┌─ Stored data
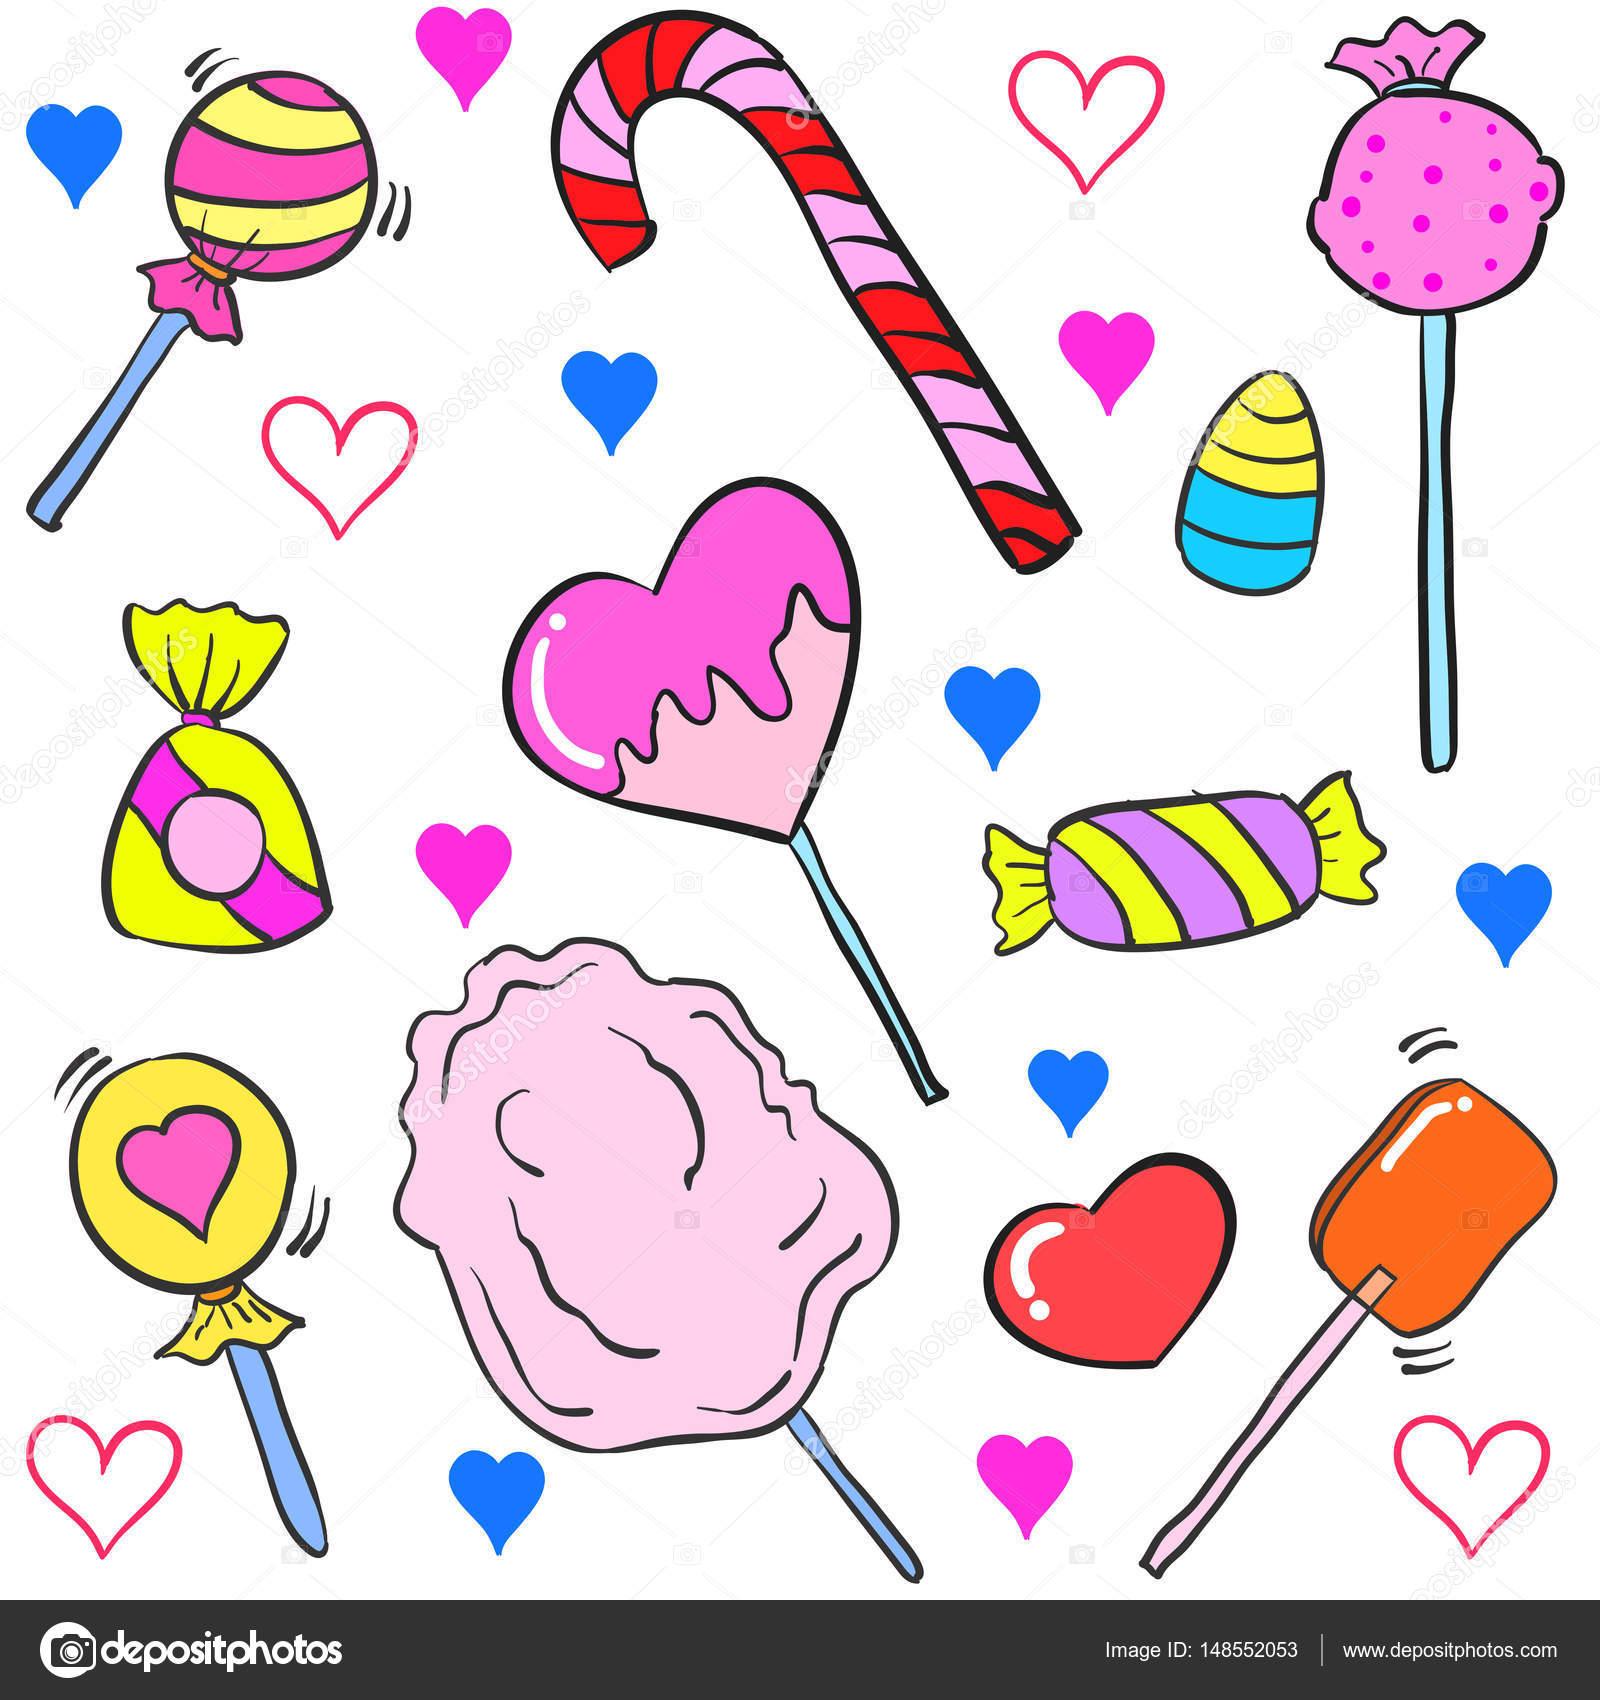 Garabato De Vario Estilo De Dibujos Animados Coloridos Dulces
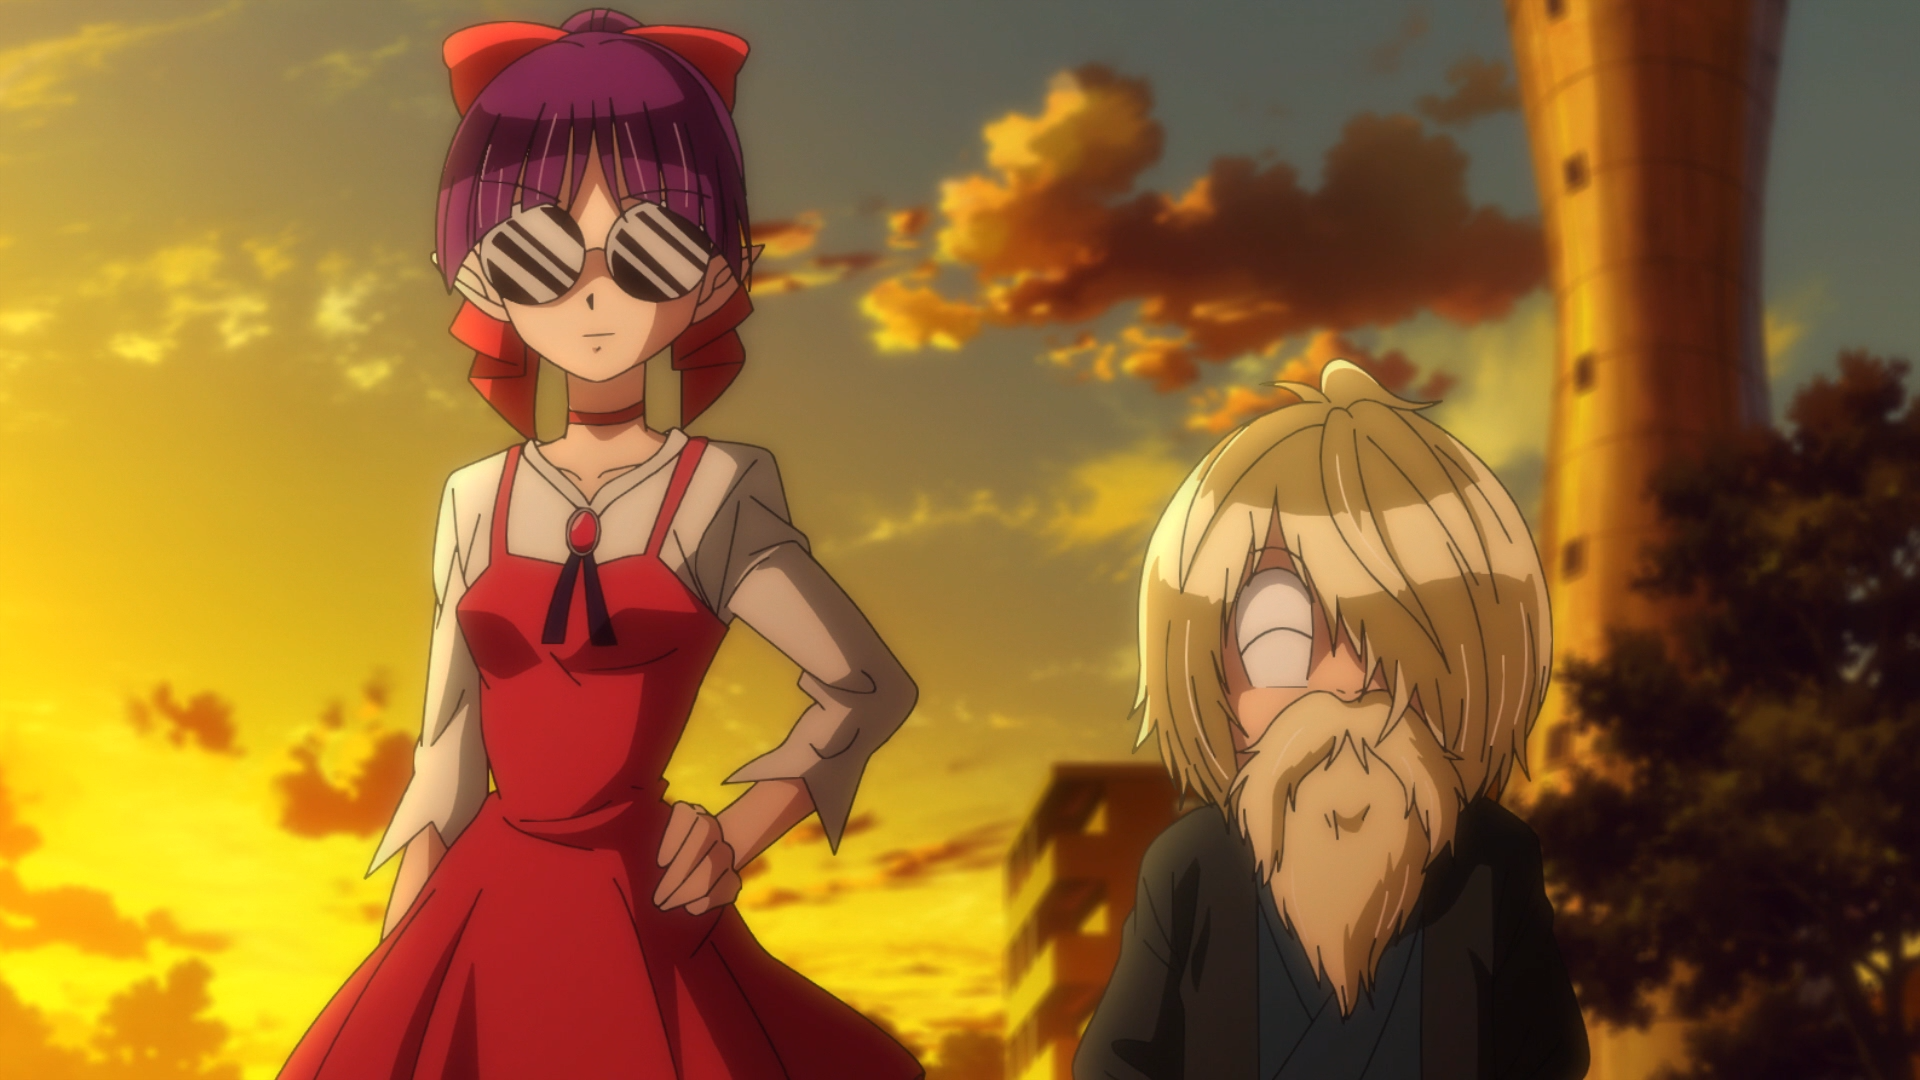 Header image showing Kitaro and Neko Musume in disguise
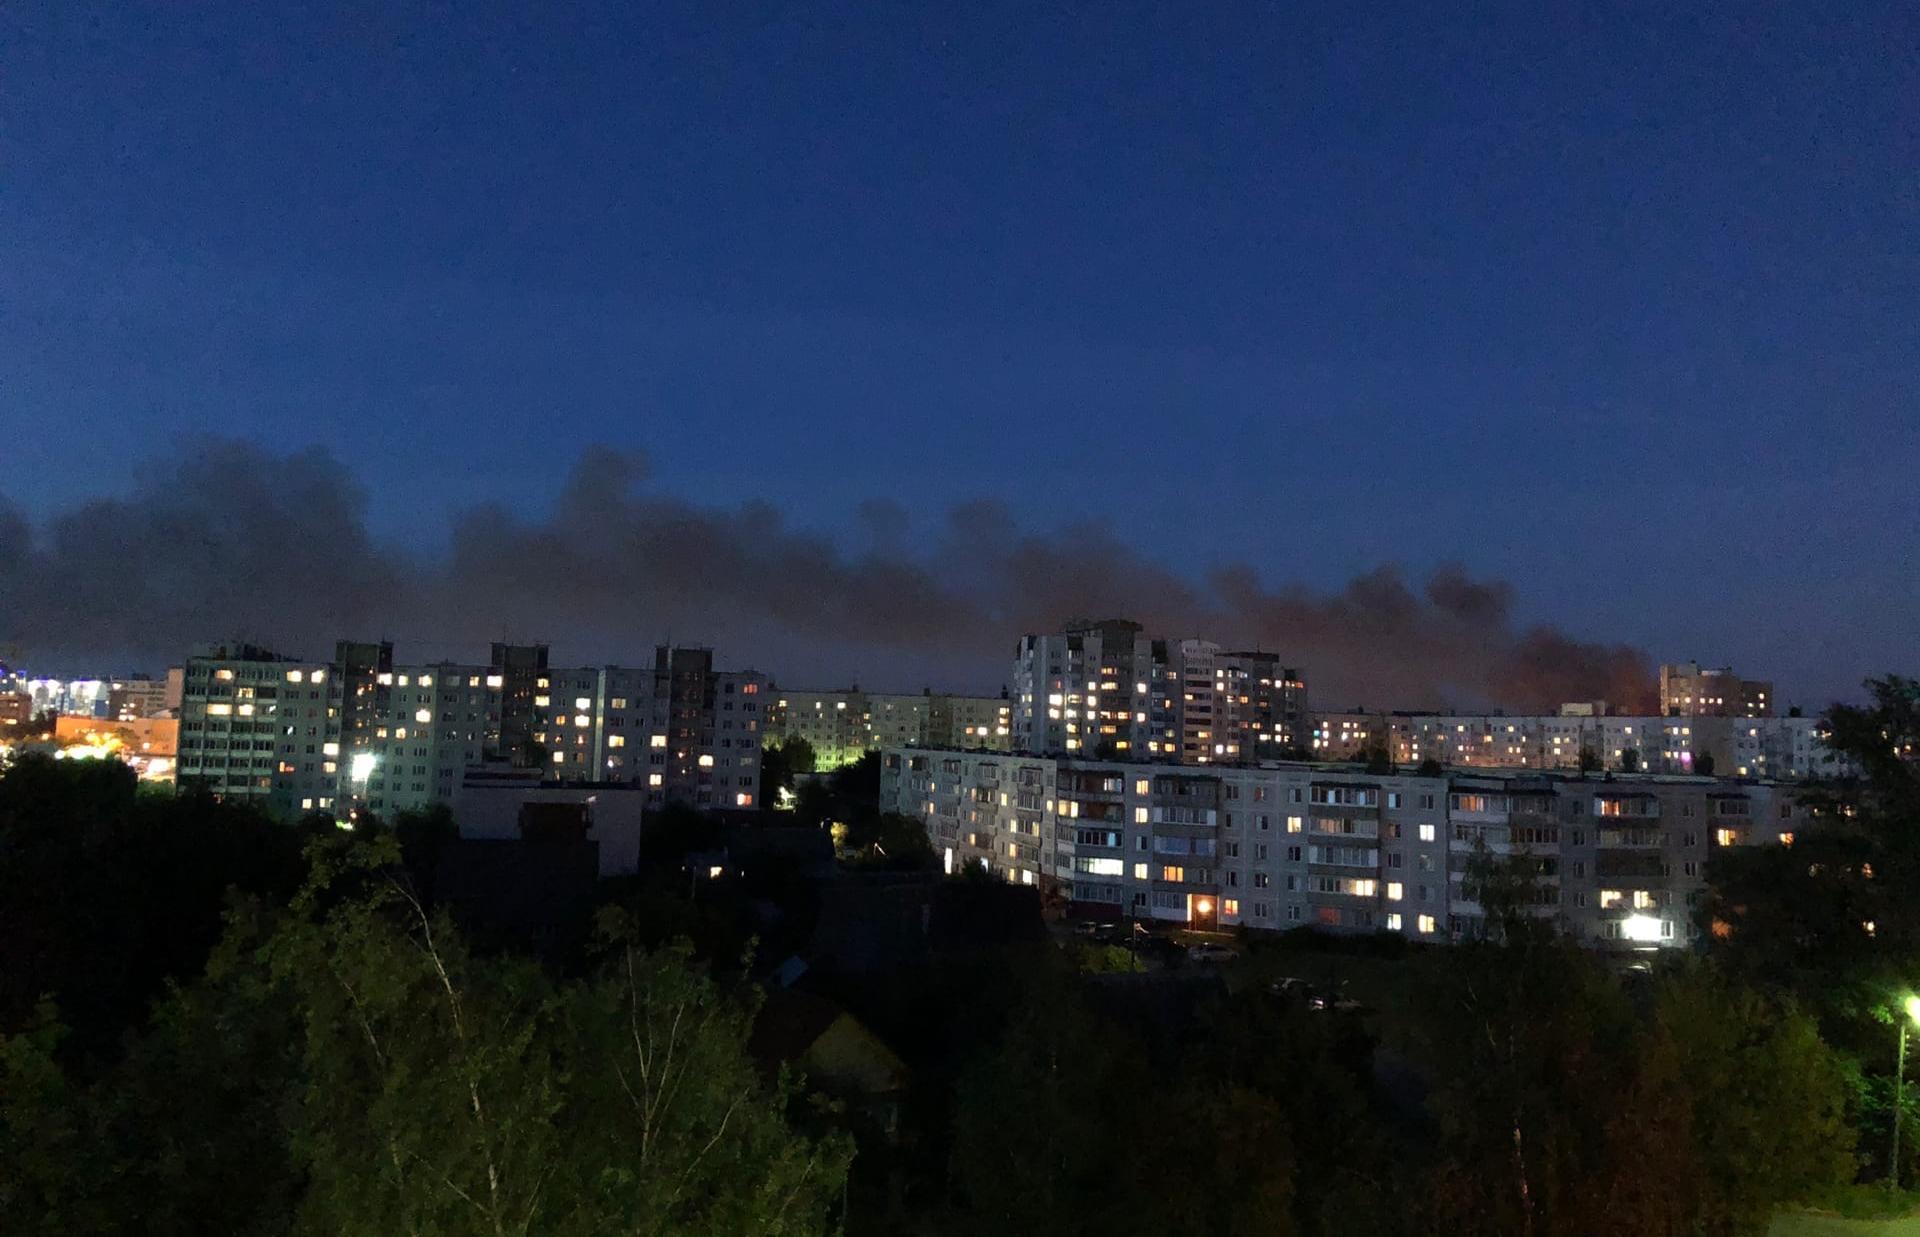 В Твери снова горит заброшенная химбаза - новости Афанасий
└─
Aim of the exercise:
Please give all of the data again, exact and free of pictures.

Completed exercise:
 Garabato De Vario Estilo De Dibujos Animados Coloridos Dulces
 Header image showing Kitaro and Neko Musume in disguise
 В Твери снова горит заброшенная химбаза - новости Афанасий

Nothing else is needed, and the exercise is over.